Kraliyet Botanik Bahçesi
Dünyanın en büyük botanik bahçelerinden biri olan Royal Botanic, iki akedemisyen tarafından 17. yüzyılda kurulmuş. Dünyanın dört bir yanından getirilmiş zengin ve çeşitli koleksiyonu ile turistlerin ilgisini çekiyor. 70 dönümden fazla arazi içerisinde Rock Bahçesi, Alp Evleri, Woodland Bahçesi, Gölet, Arboretum, Çin Yamacı ve Rhododendron Koleksiyonu gibi çeşitli kısımlar bulunmakta.
Edinburgh Kalesi
İçindeki binalarla bir şato gibi görünen kale, 1000 yıldır kullanılıyor. İçinde yer alan St Margaret Şapeli de tarihi bir ibadethane, tüm Edinburgh’taki en eski bina unvanını taşıyor. İskoç Kraliyet Mücevherlerinin sergilendiği kalede en eski top olduğu düşünülen Mons Meg’i de görebilirsiniz.
Aziz Giles Katedrali
1124 yılında I. David’in Roma ve İskoç kilisesi arasındaki bağı kuvvetlendirmek istemesi amacıyla yaptırılmış. 400 yıl boyunca Katolik mezhebine hizmet eden gotik tarzdaki yapı, 1560 yılında İskoç Parlamentosu’nun papalığı kaldırması ve Protestan mezhebini kabul etmesi üzerine ise bir değişim yaşamış. Hatta bina içerisindeki vitray pencereler bile o dönemde çıkarılmış. Katedralin içinde zaten reform sırasında Protestanlar’ın lideri olan John Knox’un heykeli görülüyor.
İskoçya Ulusal Müzesi
1998 yılında hizmet vermeye başlayan müzede, 10 binden fazla eserin sergileniyor.
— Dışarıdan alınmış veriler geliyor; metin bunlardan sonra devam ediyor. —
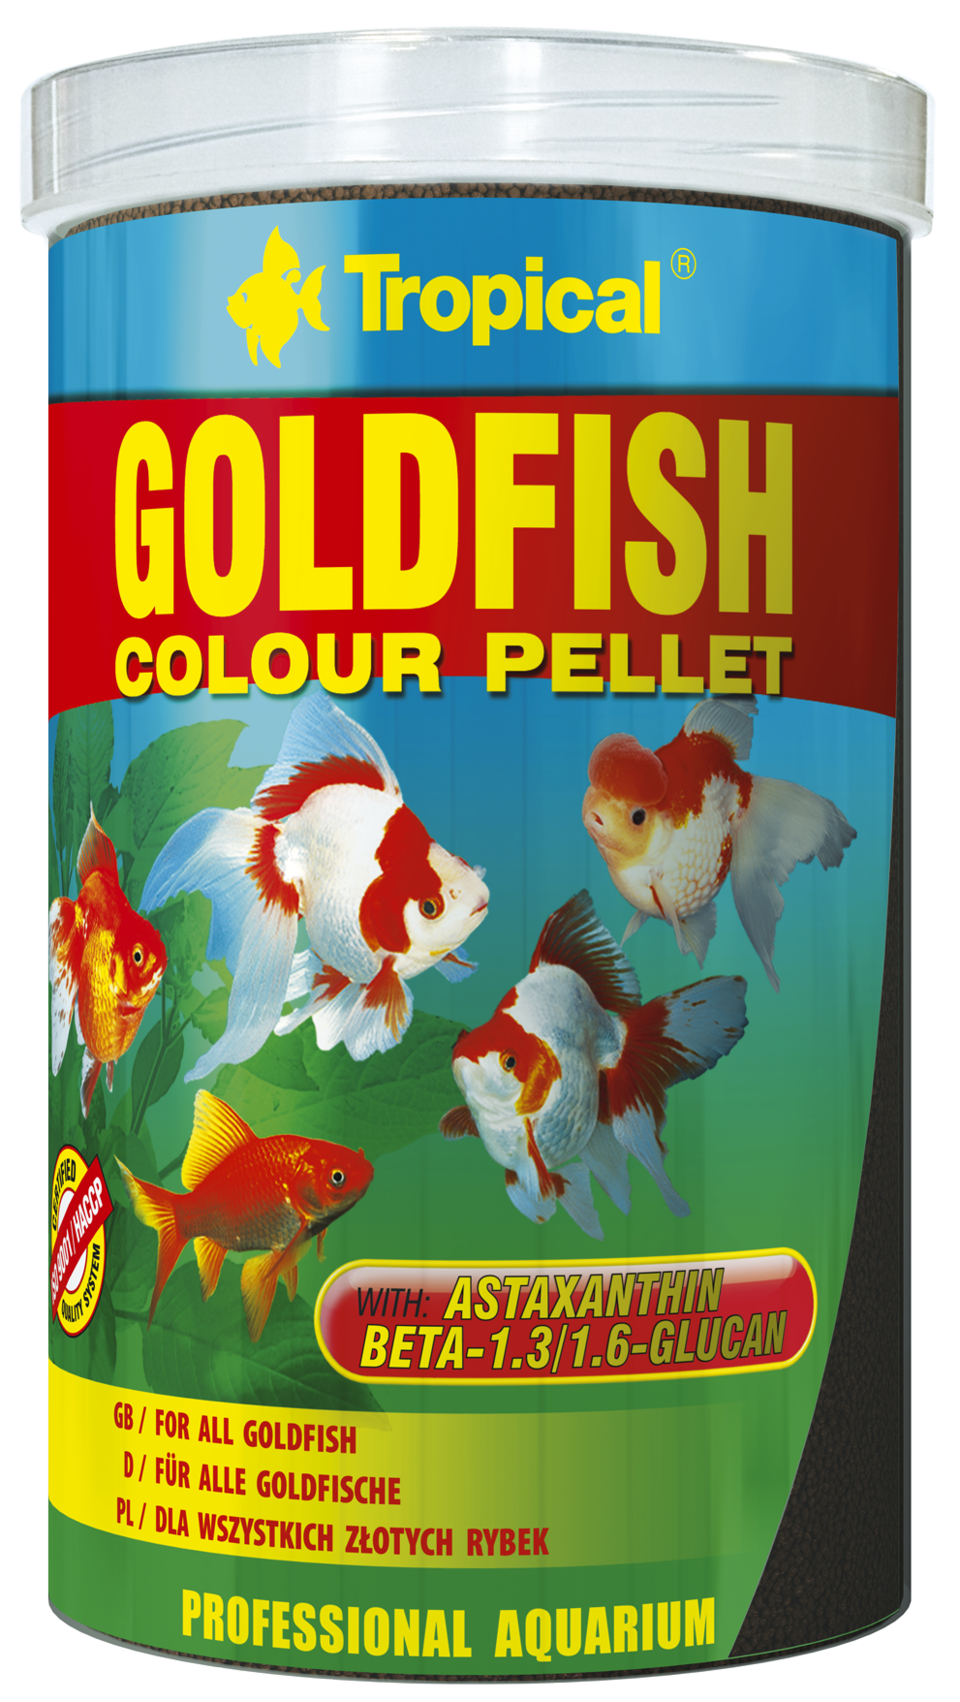 csm_goldfish-golour-pellet_1000_5554252e6d

Ziyaretçilerini İskoçya topraklarının köklü tarihine doğru yolculuğa çıkaran müzede silah ve mücevher gibi eşyalar da sergileniyor.
İngiltere Kraliyet Yatı
968 resmi gezide kraliyet ailesi tarafından tam 44 yıl boyunca kullanılmış. 1953 yılında John Brown & Co tarafından tarafından yaptırılan yat, 33 metre boyunda. Kraliyet ailesi gemi ile resmi yolculuklara çıkmaya 17. yüzyılda başlamış ve 1997 yılında bu gemi ile son vermiş olması dolayısıyla yatın kraliyet ailesi tarafından oldukça özel bir yeri var. Günümüzde gemi içerisinde isteğe bağlı olarak konaklayabiliyor veya yemek yiyebiliyorsunuz.
Yazarlar Müzesi
Eski İskoç edebiyatının önde gelen üç ismi Robert Burns, Walter Scott ve Robert Louis Stevenson’a ait el yazmaları, çalışma masaları, kullandıkları kalemler gibi çeşitli nesnelerin sergilendiği, küçük ve ücretsiz bu müze hemen katedralin ilerisindeki bir ara sokakta bulunuyor.
Camera Obscura
Tepeden topladığı ışığı karanlık bir odaya odaklayarak bulunduğunuz yerden bütün Edinburgh’u görmenizi sağlayan yapı 150 yaşında. Bununla beraber optik illüzyonların sergilendiği bir salona da sahip.